Reciprocal transplant experiments demonstrate a dynamic coevolutionary relationship between parasitic mussel larvae and bitterling fishes

• Authors: ANIL KUMAR NAIR Abhishek Nair; MEHDI Imane; DOUDA Karel; SMITH Carl; REICHARD Martin
• Year of publication: 2024
• Type: Article in Periodical
• Magazine / Source: Freshwater Biology
• MU Faculty or unit: Faculty of Science
• Doi: http://dx.doi.org/10.1111/fwb.14324
• Keywords: immunity; interspecific interactions; resistance; Rhodeus; Sinanodonta woodiana

Description

1. The coevolutionary dynamic of host-parasite associations varies from strictly local adaptations to diffuse guild coevolution.
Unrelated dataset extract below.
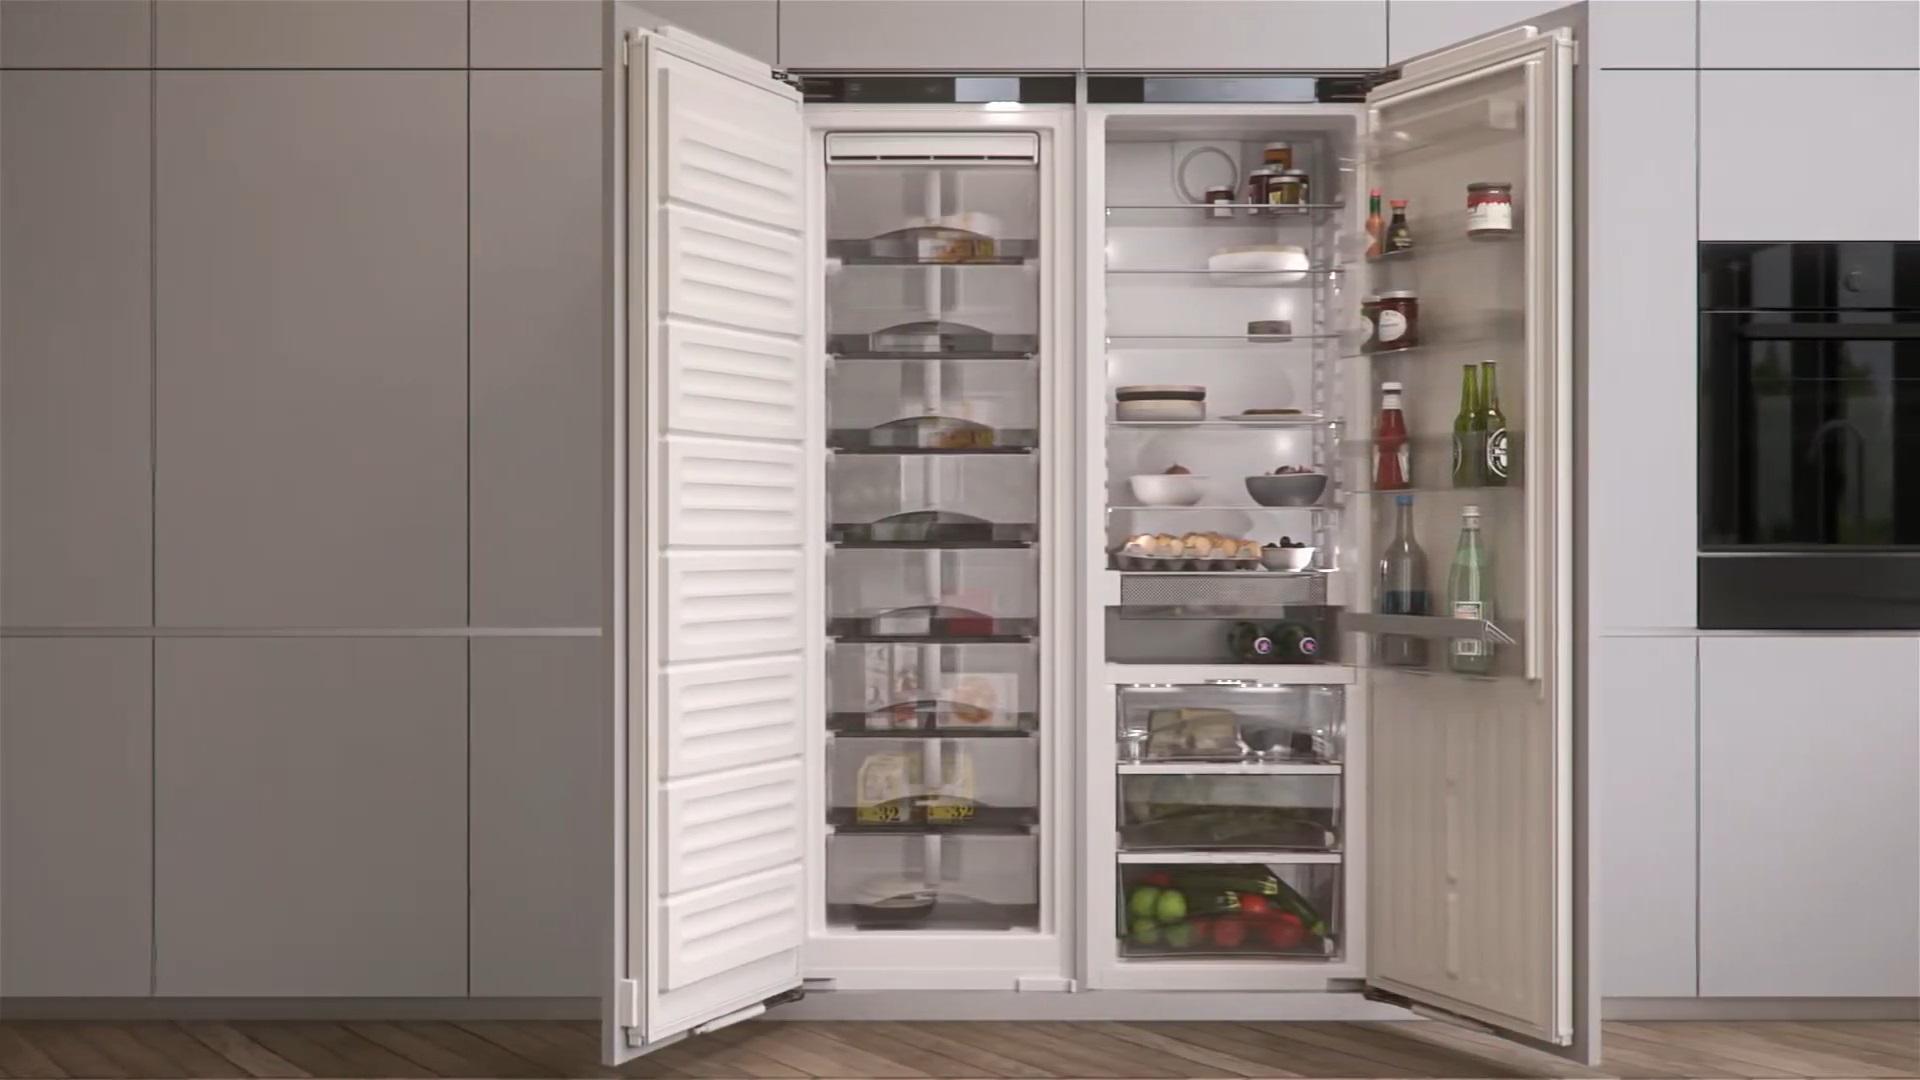 Jumbo T Refrigerator

How innate and acquired immune responses modulate host resistance to parasitism and how host specificity and geographic scaling affect the efficacy of host response have consequences for range dynamics and biological invasions.
2. Using reciprocal transplant experiments, we tested whether local or diffuse coevolution shapes host response to parasitism in the host-parasite association between bitterling fishes and larval stages (glochidia) of freshwater mussels from Europe and East Asia.
3. We found that glochidia initially indiscriminately attached to all study host species, but immune responses elicited significant differences in host responses within 24 h of infection, which intensified during glochidial development. European bitterlings were more resistant to European glochidia and Asian bitterlings to Asian glochidia, with the strongest geographic bias in resistance in the Asian bitterling hosts.
4. This finding suggests a strong effect of local adaptation but also indicates the non-negligible role of coevolutionary hotspots. Low natural glochidia load on bitterling species overall hence arise from competent immune response rather than glochidia avoidance behaviour. Bitterling immune response is primarily innate and not acquired.
5. Overall, our data demonstrate the complex outcome of parasite pressure on the evolution of host resistance, and important role of geographically structured coevolution in shaping host response.